|
(Yale photo) |
Billionaire short-seller
Jim Chanos (Yale '80) now teaches Financial Fraud through History: A Forensic Approach at his alma mater. Chanos says that financial reform legislation such as Dodd-Frank and Sarbanes-Oxley has done little to stem the fraud and chicanery in our capital markets [bold added].
Corruption is everywhere in the business world, he warns, citing a survey in which 45 percent of chief financial officers said their CEOs had asked them to falsify financial results.
He lambasts the audit profession:
Chanos constantly nudges his students to challenge established opinion. When one of them remarks that a scandal-ridden firm had a reputable auditor signing off on its reports, he says, “They all have reputable audit firms. That’s one thing I want you to take away from this course: every big fraud had a great audit firm behind it.” He likens auditors and government regulators to archaeologists. “They’ll tell you what happened after the damage has been done.”
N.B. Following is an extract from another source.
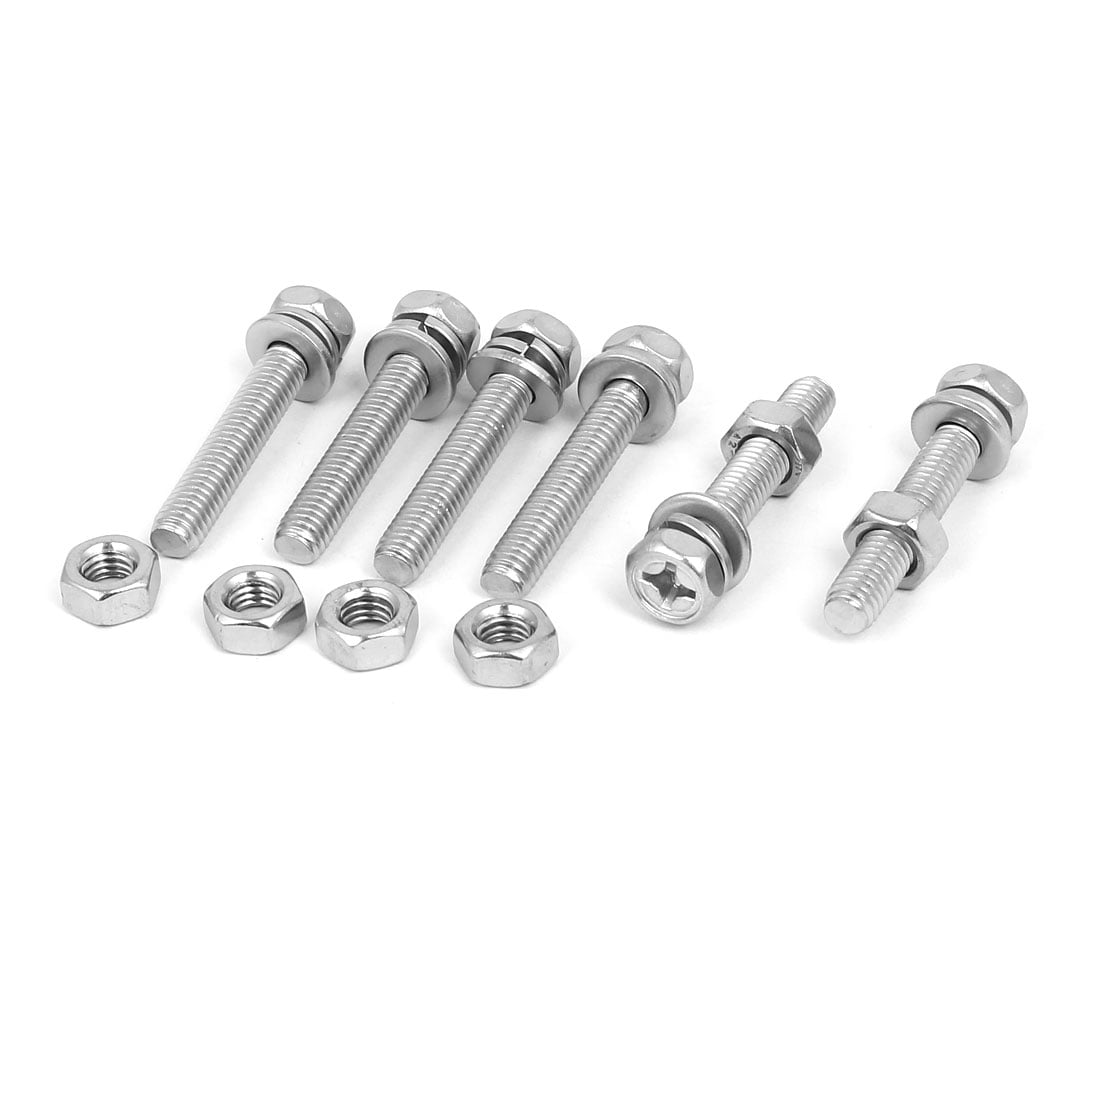 Assorted Kit Nuts Bolts And Washers Setscrews M6 8.8 High Tensile 580pcs 
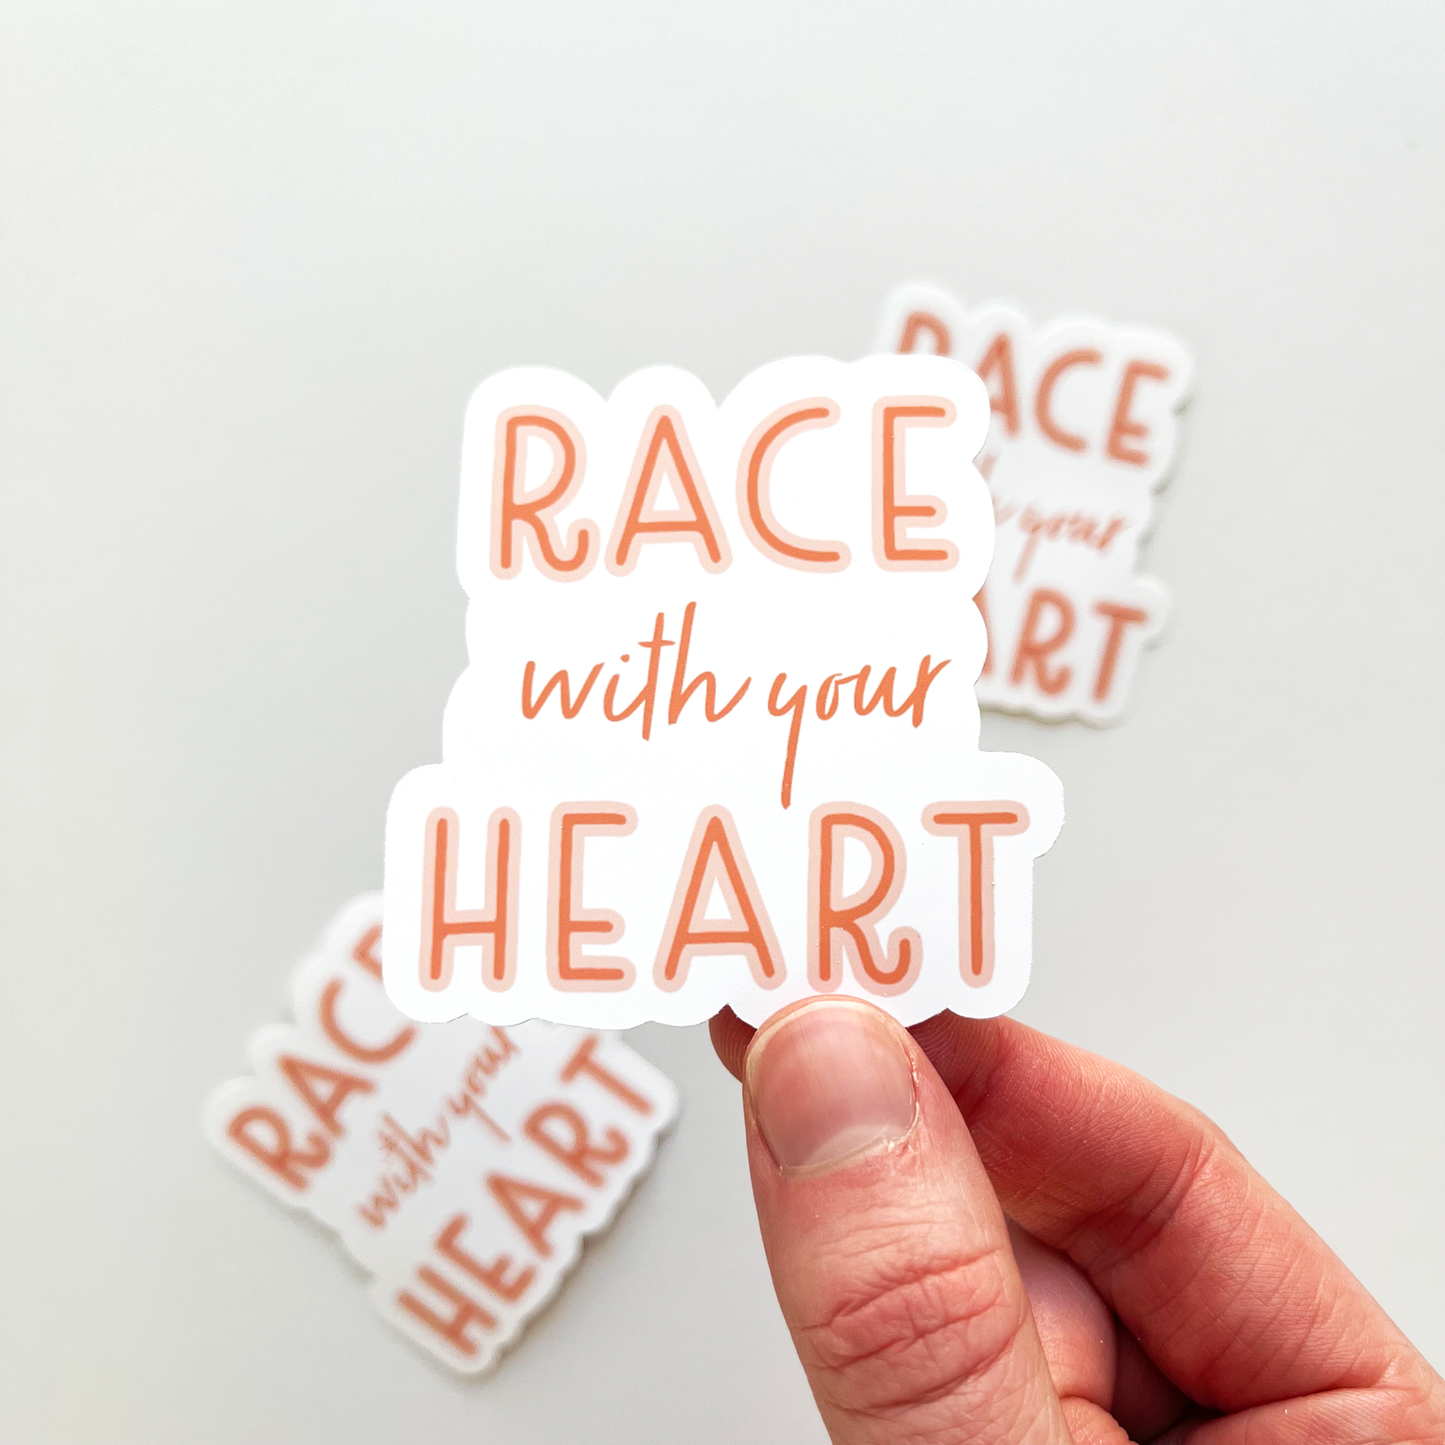 Race with your heart sticker with orange red text outlined in a lighter pink

I wish that my school counselor had taken me aside before I went into accounting and said, "You won't get rich, you'll be ignored--there's a reason why they call it a back-room job, and you'll be blamed when things fall apart. The only consolation is that you'll be one of the few who know what's going on." Jim Chanos also knows what's going on, and short-sellers like him take some of the blame when businesses fail. The difference is that he's got $ billions to console him, and the rest of us don't.